Certainly suggesting that there's at least a potential for Nintendo to embrace an all-digital future, Build-A-Lot is yet another full DS retail release that is making an encore appearance, in its entirety, here as a DSiWare download. This kind of thing is happening more and more, and right now it's giving a second chance to some older DS titles that went mostly forgotten when they first arrived.
Build-A-Lot is definitely one of these cases, as I never paid any attention to it back in December of '08 when it shipped on a budget-priced physical cartridge. I'm glad it's back now, though, because it's actually a pretty cool little sim game.
You play as a contractor in this one, hired by a series of small town mayors and tasked to complete construction projects to raise the value of each little village. Some of them ask you to build up new neighborhoods full of homes, others ask for more municipal things like new post offices, and sometimes you're just trying to repair run-down older buildings so that they can start turning a monthly rental profit again.

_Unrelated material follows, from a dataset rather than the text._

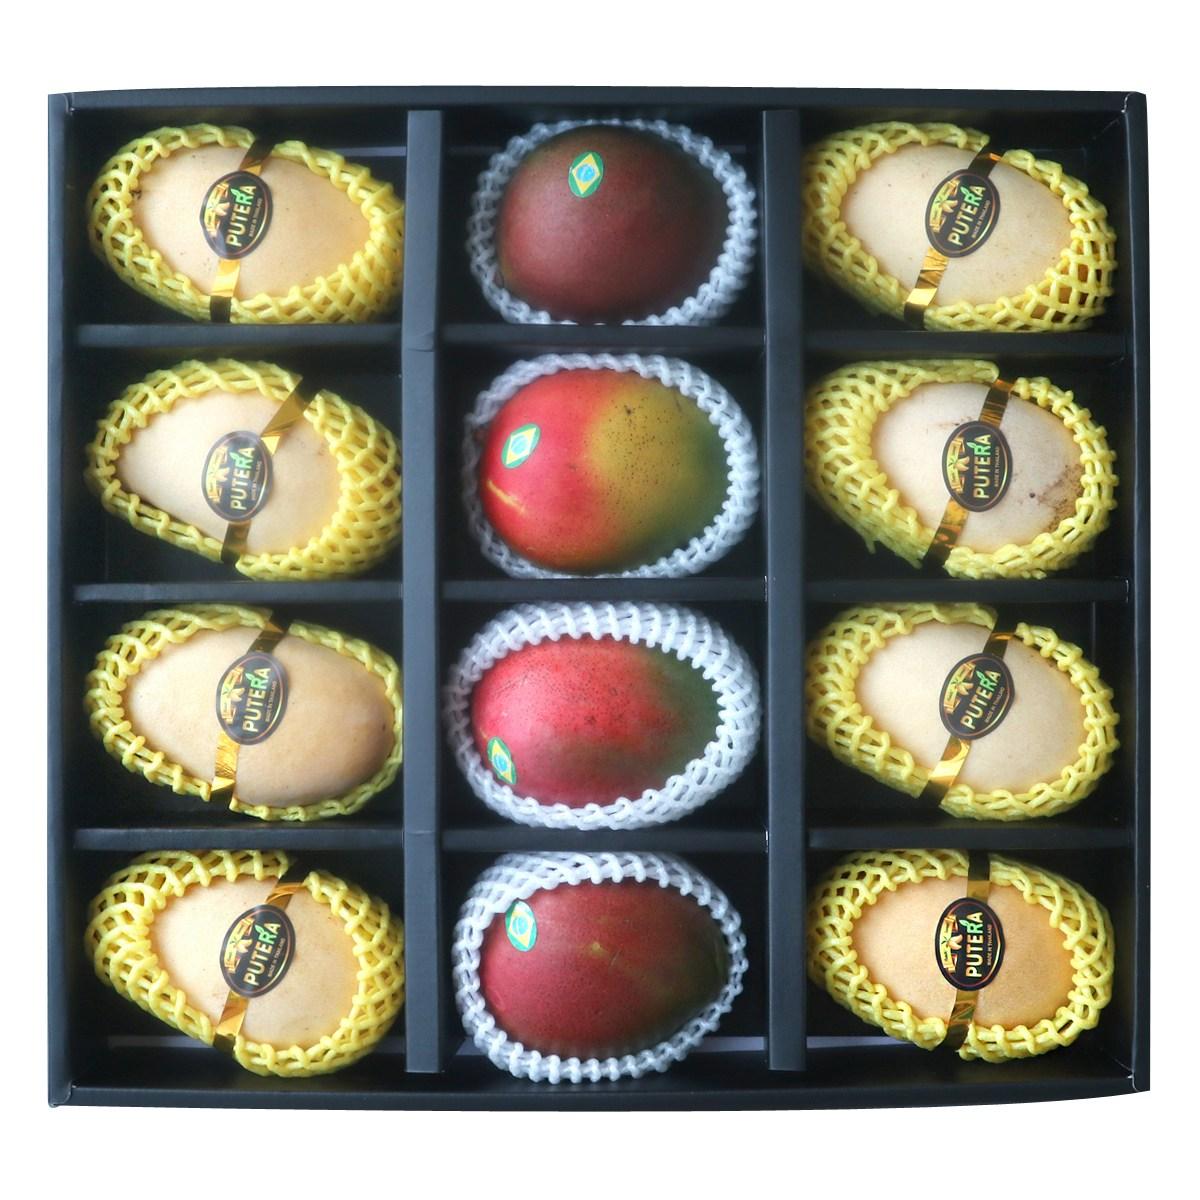 애플망고 선물세트 4kg / 6과 /9과 12과/태국망고혼합, 5. 혼합12과 (애플4 태국8)  3.8kg 선물세트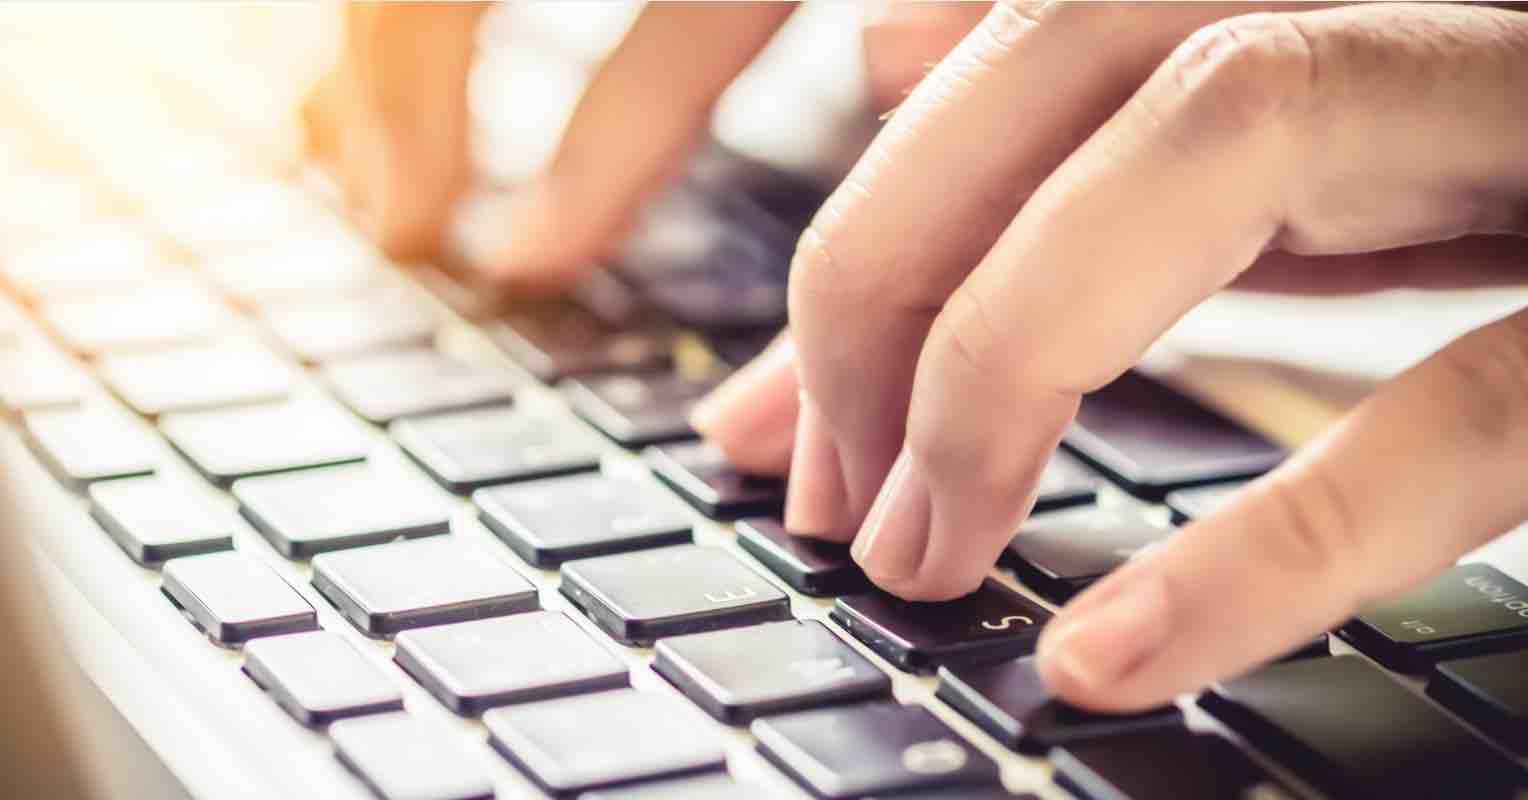 Sống gần nửa đời người tôi mới biết vì sao bàn phím máy tính không sắp xếp theo thứ tự ABC, lý do cực kỳ thú vị! - Ảnh 2.

The gameplay is simple tap and select stuff, as you navigate easy menus to choose which kind of building you want to build, whether you need to order more materials or train new workers, whether you need to draft new blueprints to construct specialty buildings and more. It's got a casual charm to it all, and I could easily see myself sinking lots of time into a game like this.
The one big issue? Price. As has been the case with previous retail games turned into downloads, Build-A-Lot is set at DSiWare's highest price point of eight dollars. I understand that that's getting as close as possible to what the old pricetag was for the physical cartridge, but a casual game like this doesn't warrant that much cash in this format.
Bottom line – this is a solid casual sim that's fun to see get a second chance, but could have been easier to recommend for a few bucks less.